Interfacial electron regulation of Fe9Ni9S16/FeS heterostructure confined in N-doped carbon nanotube with enhanced reaction kinetics for efficient Na/Li-Ion storage

Abstract

Tailoring 1D nanotubes with refined interfacial interactions and optimized adsorption sites presents a highly promising yet challenging strategy for advancing Na/Li-ion batteries (SIBs/LIBs). Herein, the intertwined yardlong bean-like Fe₉Ni₉S₁₆/FeS heterostructures with sulfur vacancies encapsulated in N-doped carbon nanotubes (3 N-Fe₉Ni₉S₁₆/FeS-3@CNTs) are controllably synthesized through Fe/Ni-catalyzed pyrolysis of dicyandiamide followed by sulfidation strategies. 1D nanotubes with robust outer walls and internal cavity structures shorten the diffusion paths of ions/electrons and buffer volume expansion and aggregation of active materials.
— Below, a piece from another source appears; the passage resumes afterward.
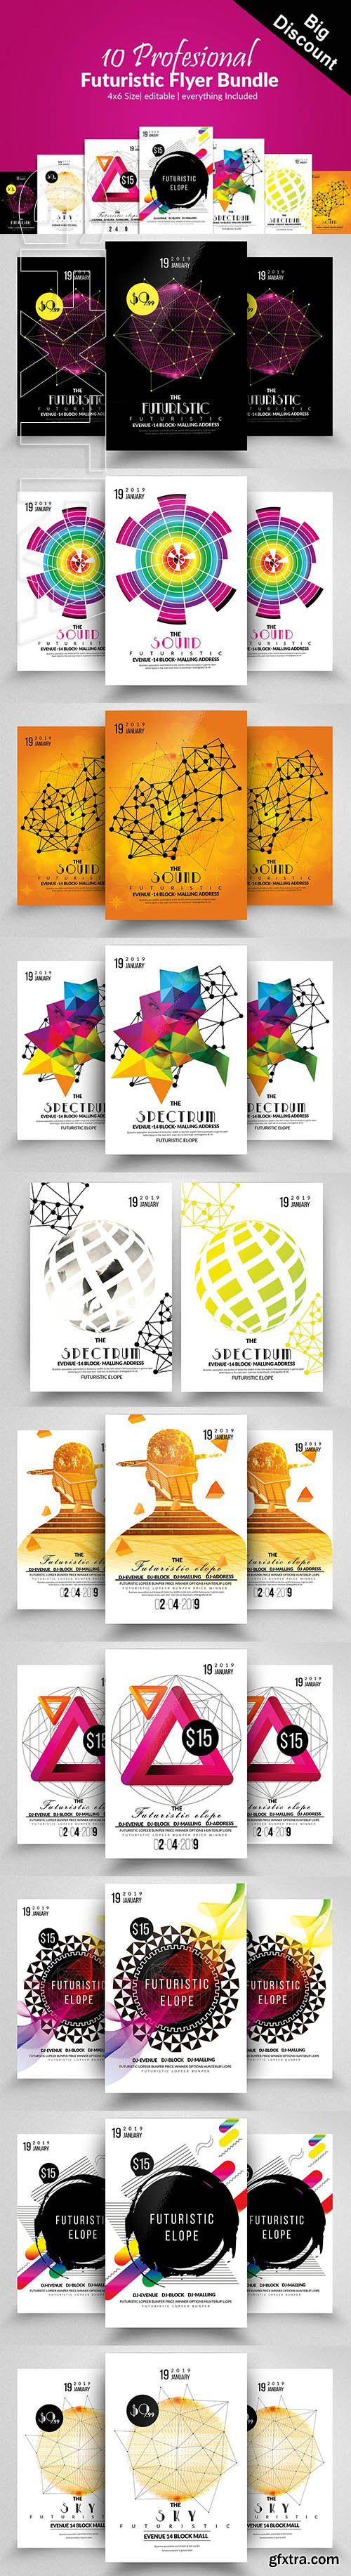 CreativeMarket - 10 Futuristic Electro Flyer Bundle 2683763
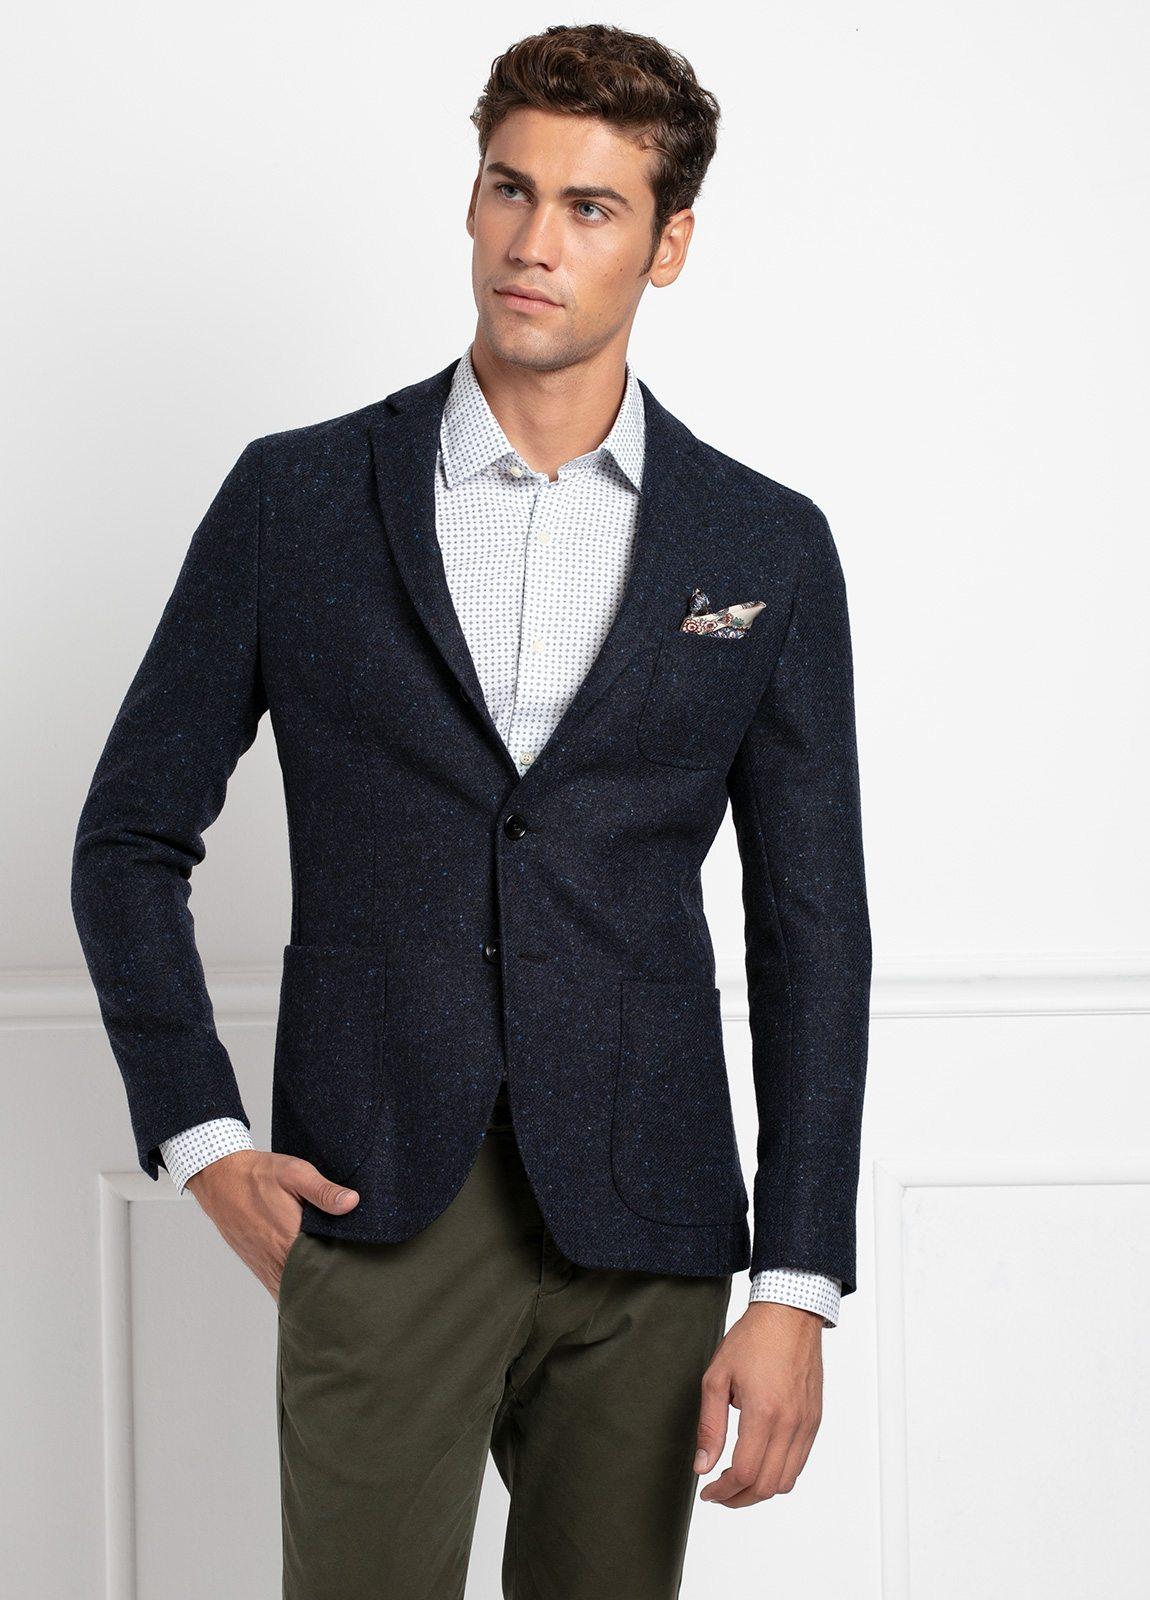 Americana SOFT JACKET Slim Fit, tejido textura color azul oscuro. 100% Lana.

The Fe₉Ni₉S₁₆/FeS heterostructure provides a powerful driving force for charge transfer by forming built-in electric fields, optimizing ion adsorption, while the Fe₉Ni₉S₁₆ features a wider interlayer spacing that allows for frequent Na⁺/Li⁺ insertion and extraction, thereby enhancing the reaction kinetics within the electrode. Driven by these synergistic factors, the 3 N-Fe₉Ni₉S₁₆/FeS-3@CNTs demonstrates remarkable electrochemical performance, achieving a substantial reversible capacity of up to 682.1mA h g⁻¹ for SIBs at 0.1 A g⁻¹ and 782.7 mA h g⁻¹ for LIBs at 0.5 A g⁻¹, alongside exceptional cycling stability in SIBs, maintaining 78.7% of its capacity after 1500 cycles at 1 A g⁻¹ coupling with the ether-based electrolyte. Employing various electrochemical analyses in conjunction with ex-situ characterization techniques and Density Functional Theory (DFT) calculations, the storage mechanisms and phase transition processes are investigated, elucidating the structure-composition-performance relationships. This work paves the way for a new strategy in designing advanced materials with engineered heterostructures and controllable defects for energy conversion and storage devices.